▶ INFORMATION SUPPLIED
************

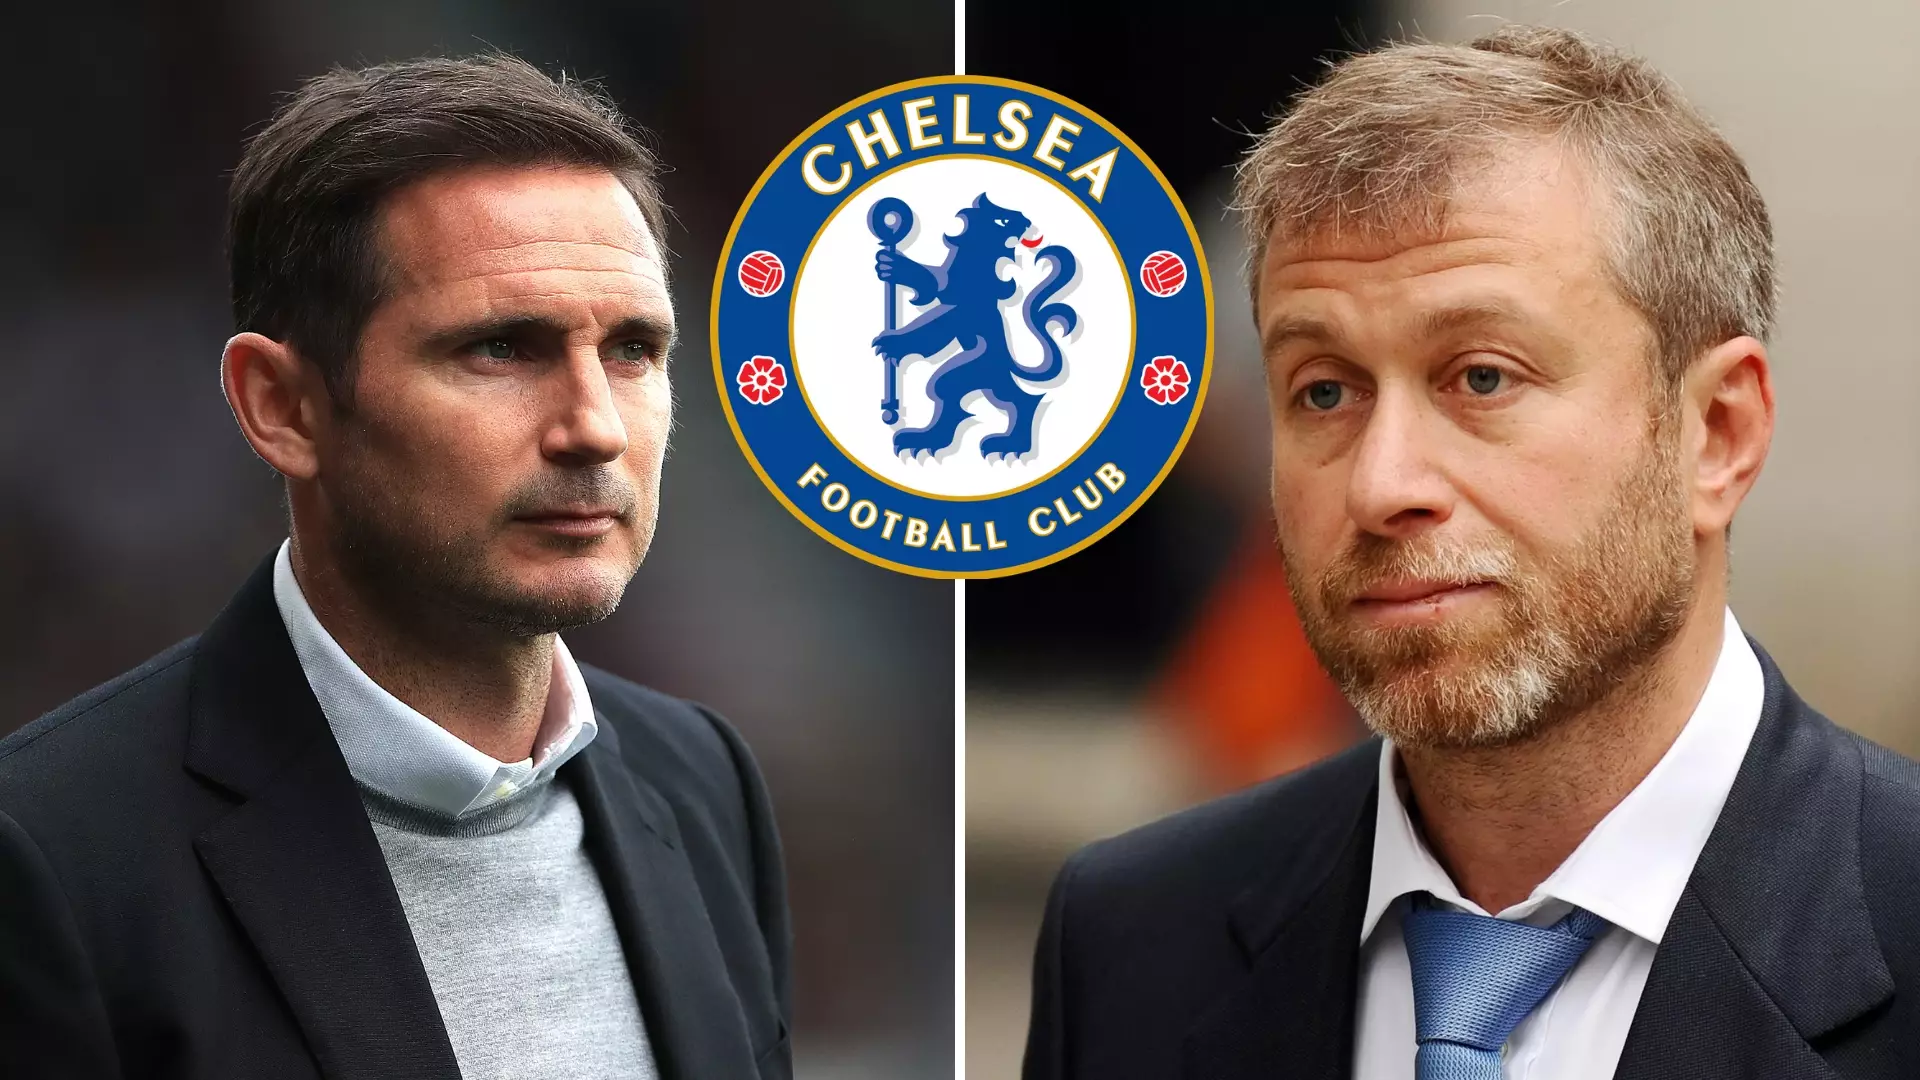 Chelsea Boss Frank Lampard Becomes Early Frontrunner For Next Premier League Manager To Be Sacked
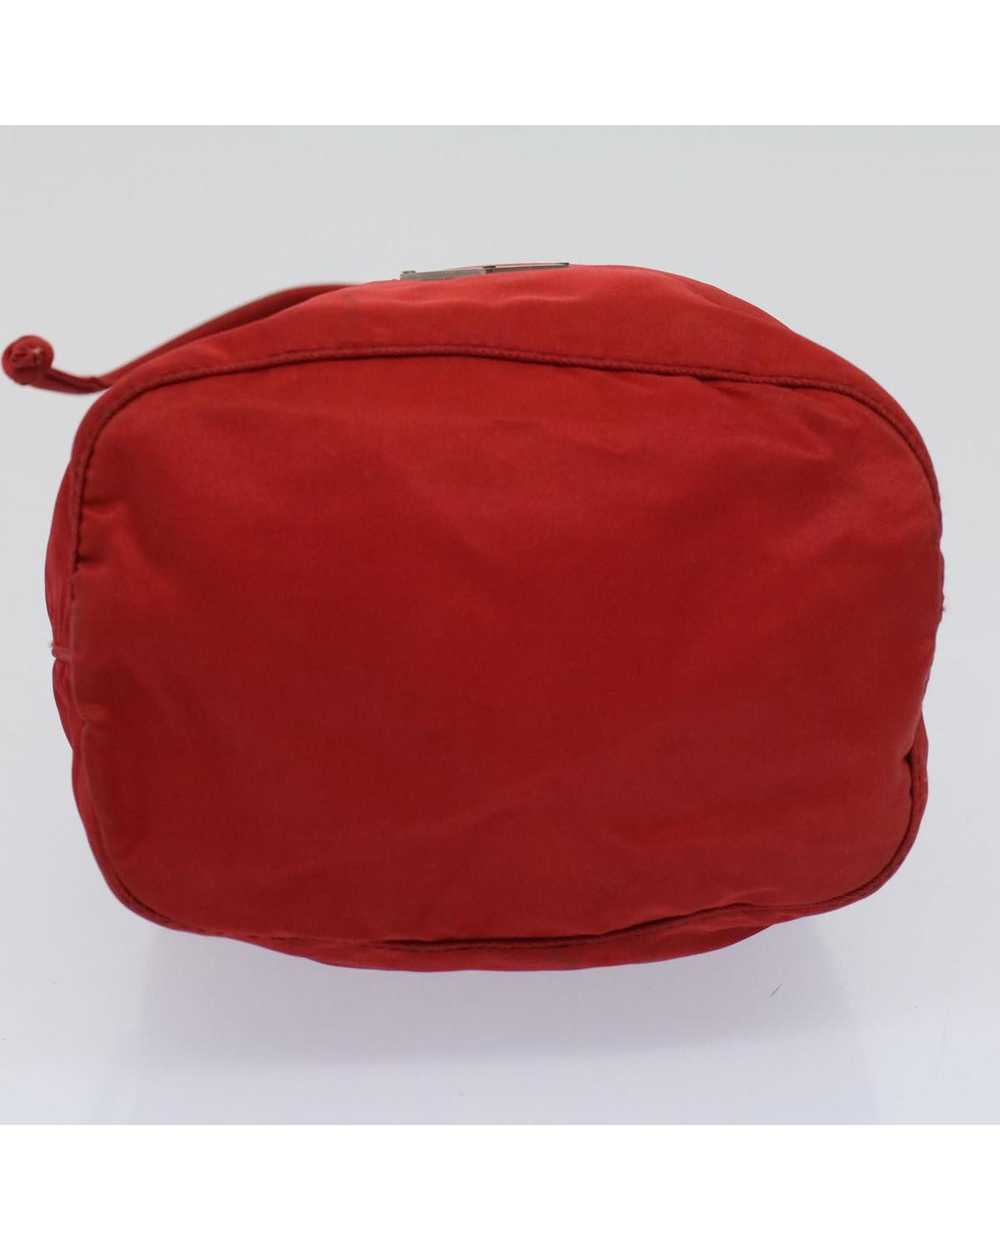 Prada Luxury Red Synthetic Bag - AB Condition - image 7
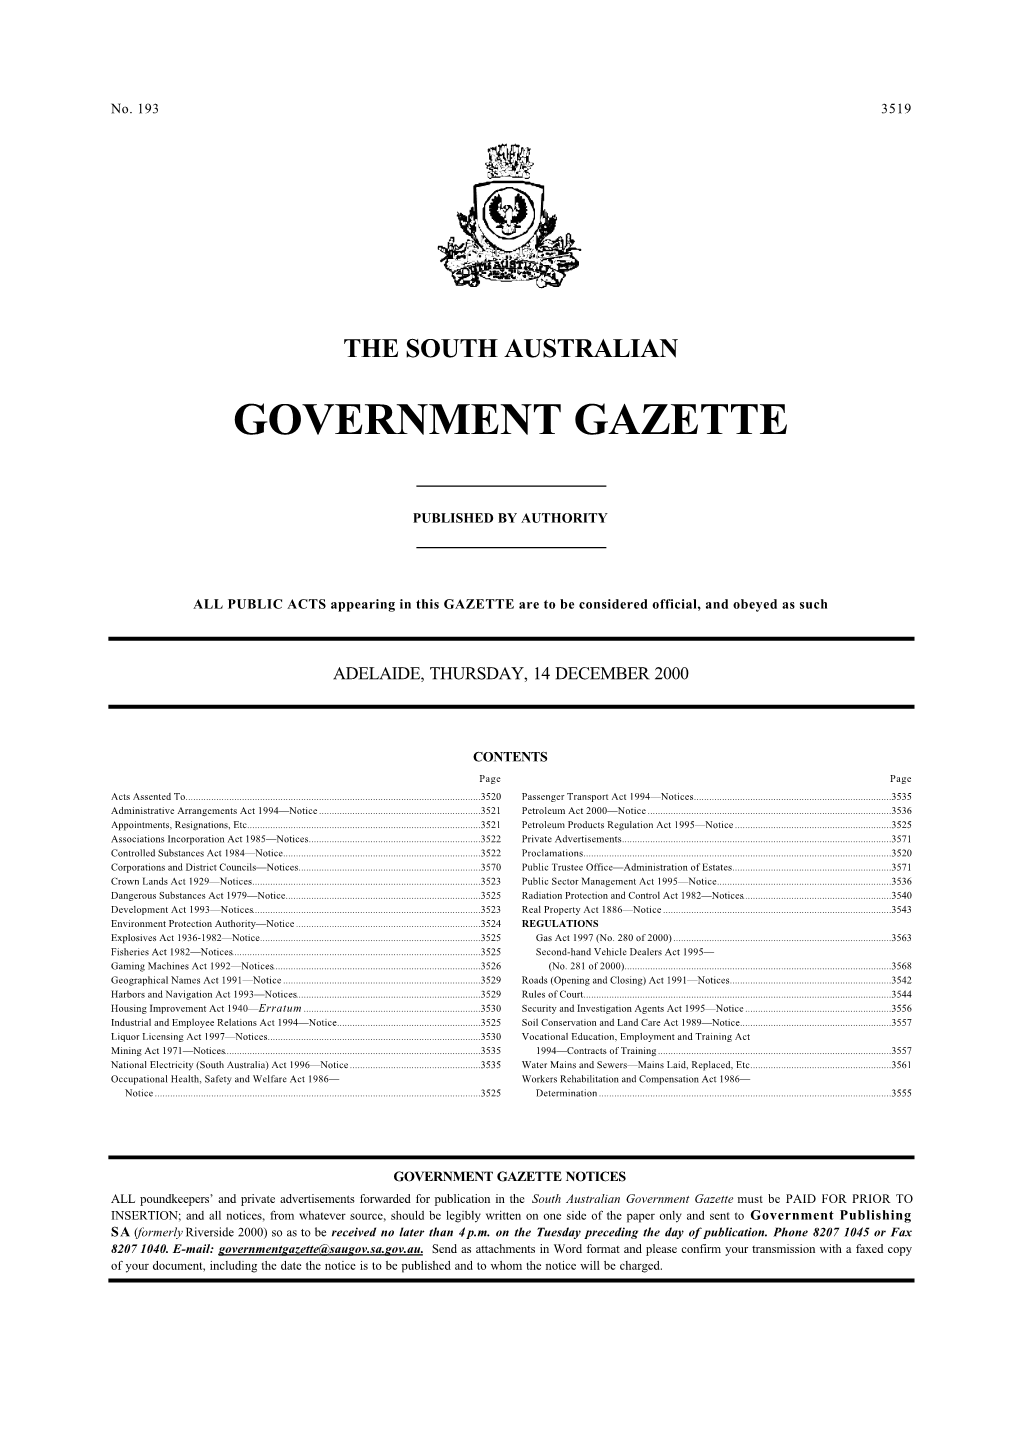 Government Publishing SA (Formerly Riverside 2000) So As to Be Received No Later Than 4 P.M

************

▶ EXERCISE REQUIREMENTS
Write out the listing above in full, word for word, with no pictures.

▶ REPLY
 Chelsea Boss Frank Lampard Becomes Early Frontrunner For Next Premier League Manager To Be Sacked
 Prada Luxury Red Synthetic Bag - AB Condition - image 7
 Government Publishing SA (Formerly Riverside 2000) So As to Be Received No Later Than 4 P.M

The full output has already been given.